Opinion
2013-04-17
Lynn W.L. Fahey, New York, N.Y. (Erica Horwitz of counsel), for appellant. Charles J. Hynes, District Attorney, Brooklyn, N.Y. (Leonard Joblove and Maria Park of counsel; Gregory Musso on the memorandum), for respondent.
Lynn W.L. Fahey, New York, N.Y. (Erica Horwitz of counsel), for appellant. Charles J. Hynes, District Attorney, Brooklyn, N.Y. (Leonard Joblove and Maria Park of counsel; Gregory Musso on the memorandum), for respondent.
Appeal by the defendant from a sentence of the Supreme Court, Kings County (DiMango, J.), imposed February 16, 2011, on the ground that the sentence is excessive.

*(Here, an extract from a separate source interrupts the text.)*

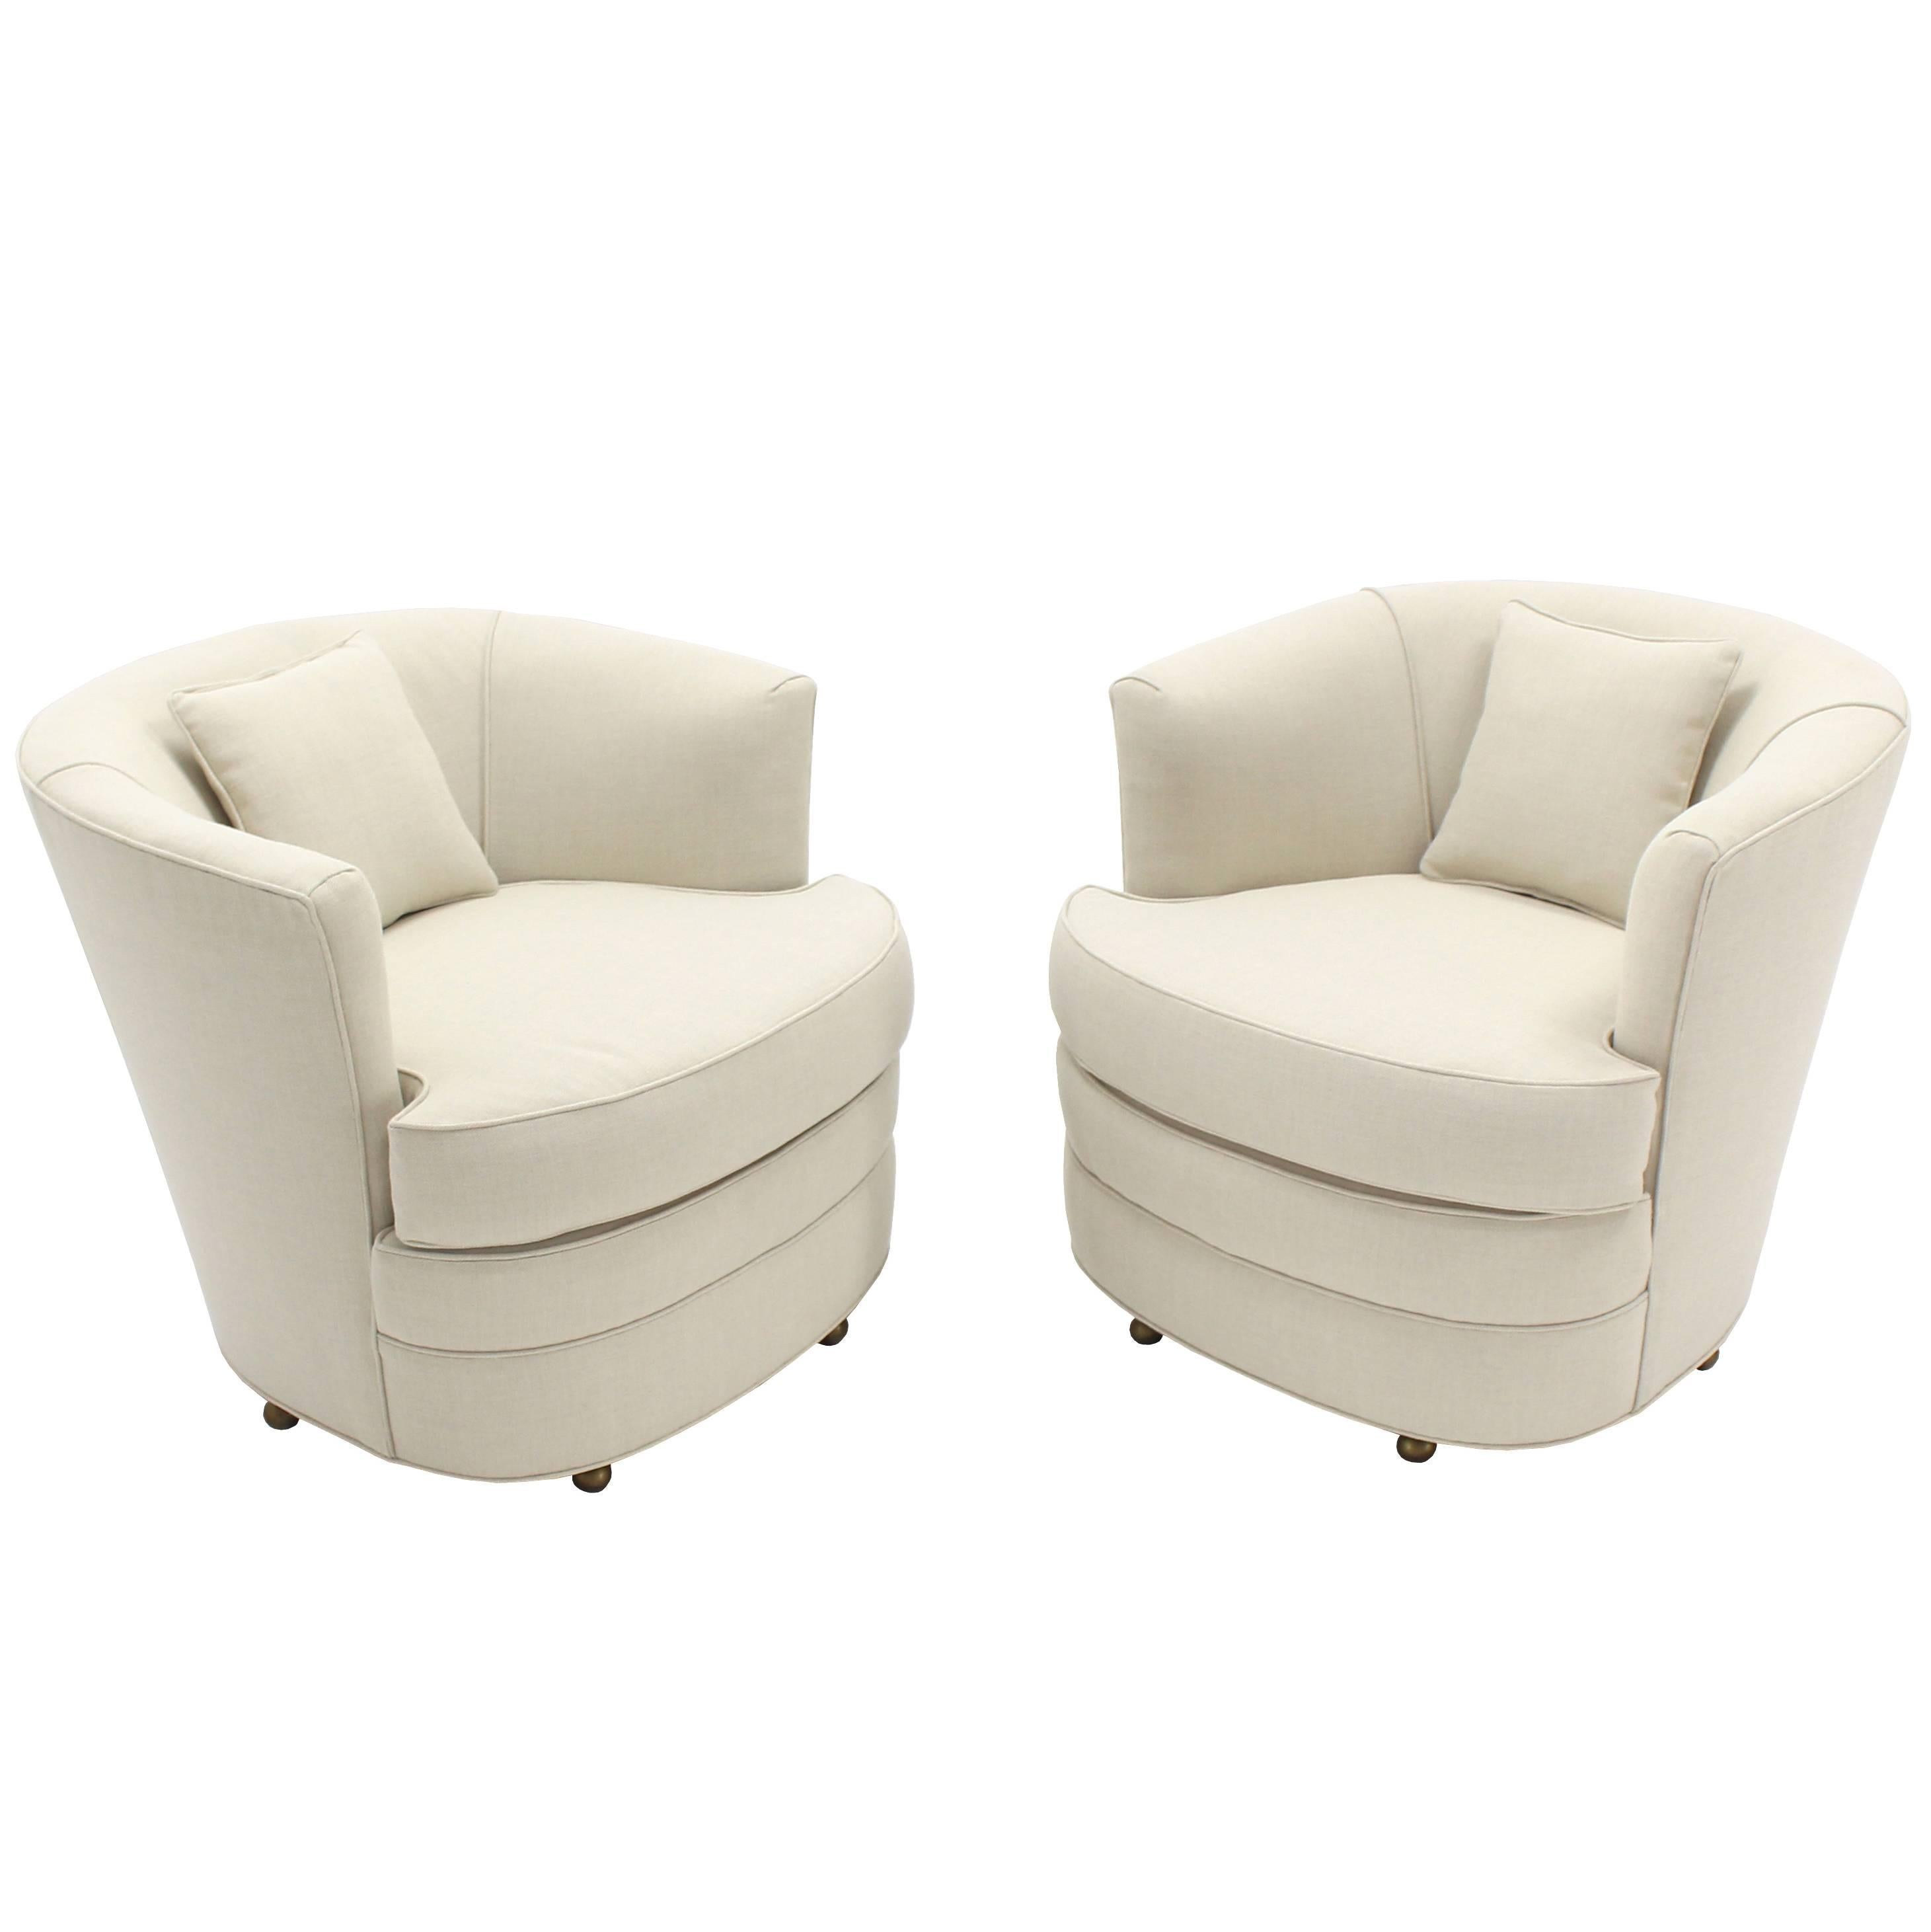 Pair of Swivel Barrel Back Chairs New Upholstery

ORDERED that the sentence is affirmed.
The defendant's purported waiver of the right to appeal is invalid because the Supreme Court, in explaining the right to appeal, “lump[ed]” it with the rights automatically surrendered by entry of a plea of guilty ( People v. Lopez, 6 N.Y.3d 248, 257, 811 N.Y.S.2d 623, 844 N.E.2d 1145). Further, the executed waiver form did not cure the error because even though that form explained that the right to appeal was indeed separate from other enumerated rights, the court failed to ensure that the defendant had read it and was aware of its contents ( see People v. Elmer, 19 N.Y.3d 501, 510, 950 N.Y.S.2d 77, 973 N.E.2d 172;People v. Bradshaw, 18 N.Y.3d 257, 262, 938 N.Y.S.2d 254, 961 N.E.2d 645;People v. Alston, 101 A.D.3d 1672, 1673, 956 N.Y.S.2d 757).
However, the sentence imposed was not excessive ( see People v. Suitte, 90 A.D.2d 80, 455 N.Y.S.2d 675).